Net als de meeste raadsbesluiten klonk ook dit Sam als flauwekul in de oren. De raad besteedde minstens de helft van zijn tijd aan het beramen van allerlei plannen waar ze dan uren over discussieerden zonder ooit tot een besluit te komen. Zo waren ze ook zolang ze bestonden al bezig met het ontwerpen van een serie wetten. Sam had zijn best gedaan om zijn geduld niet te verliezen, maar terwijl zij zaten te teuten en te vergaderen moest híj nog altijd de orde bewaren. Zij hadden hun regels en hij had de zijne. En de meeste kinderen hielden zich aan de zijne.
Het winkelcentrum was opgesteld langs de westmuur van het gymlokaal, zodat ze optimaal van de schaduw konden profiteren. Later op de dag, als de zon steeds hoger kwam, raakte het eten in de stalletjes op en werden ze gesloten. Op sommige dagen was er heel weinig eten. Maar er was nog niemand écht doodgegaan van de honger.

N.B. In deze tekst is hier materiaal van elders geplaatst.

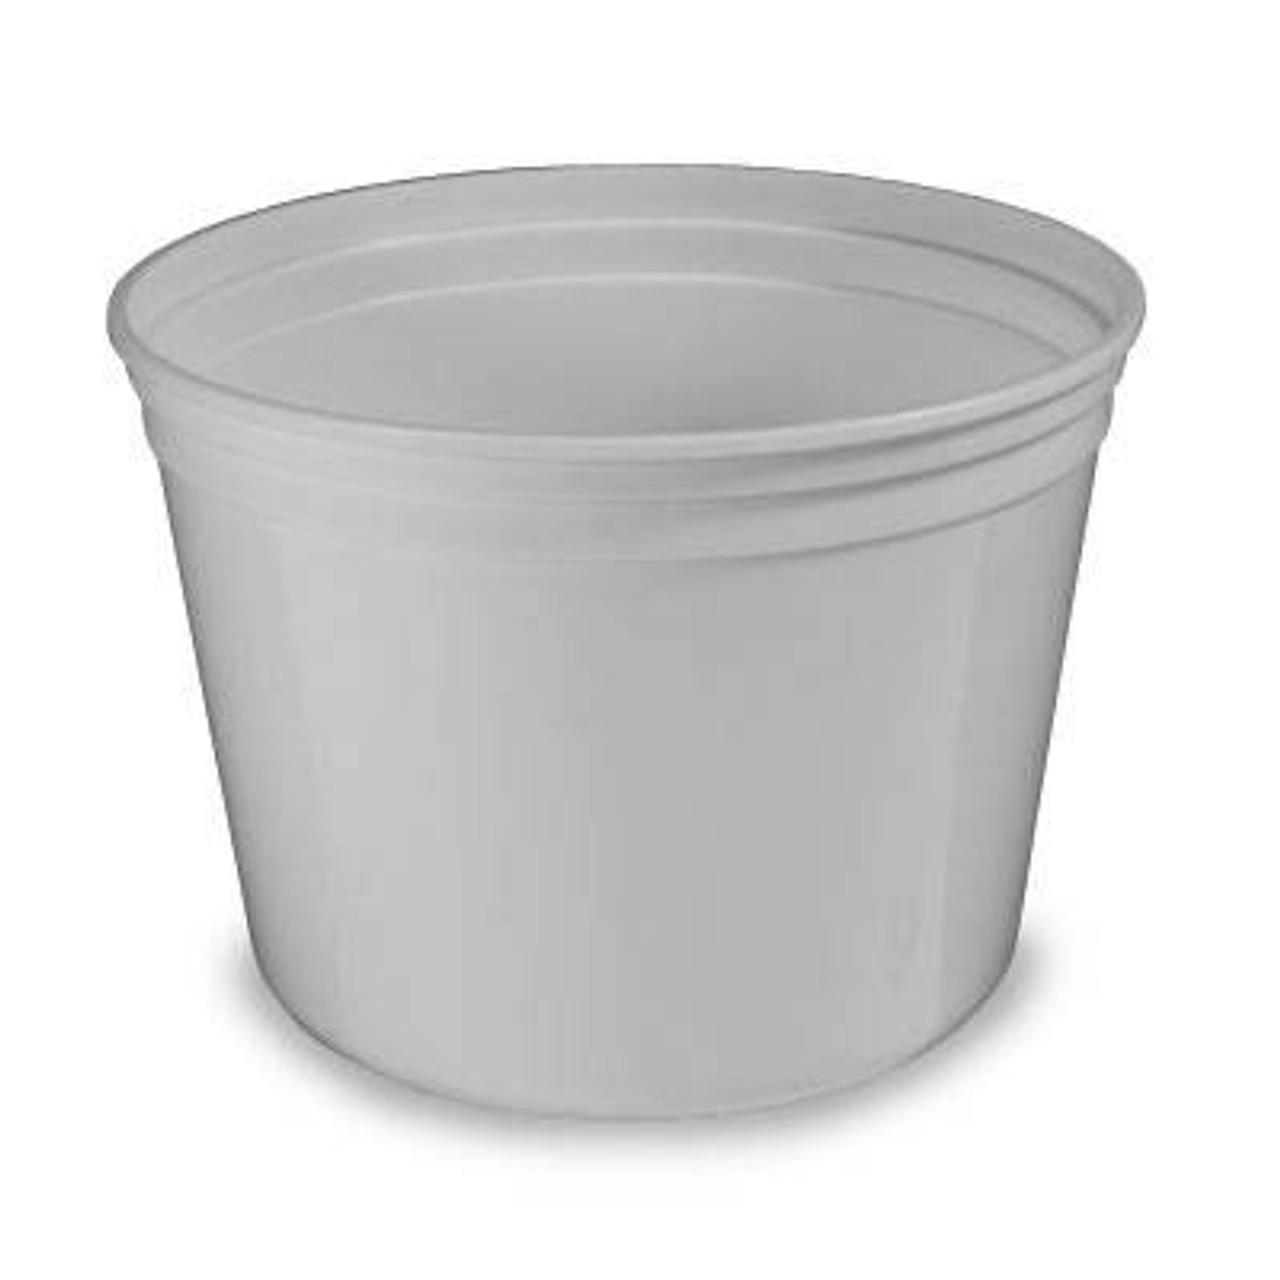 1/2 Gallon (64 oz.) BPA Free Food Grade Round Bucket with Lid (T60764B) -  starting quantity 10 count - FREE SHIPPING

Het water werd vervoerd in plastic tonnen van zeventienenhalve liter en gratis uitgedeeld – drieënhalve liter per persoon per dag. Er stonden driehonderdzes namen op de waterlijst.
Er gingen geruchten over een stel kinderen dat buiten de stad op een boerderij zou wonen, maar daar had Sam nooit bewijzen van gezien. En fantasiekinderen waren zijn probleem niet.
De overige zestien kinderen van wie bekend was dat ze in de FAKZ woonden, zaten op de heuvel in de Coates Academie: de laatste leden van Caines afgezonderde bende. Sam kon zich niet druk maken over wat zij aten en dronken.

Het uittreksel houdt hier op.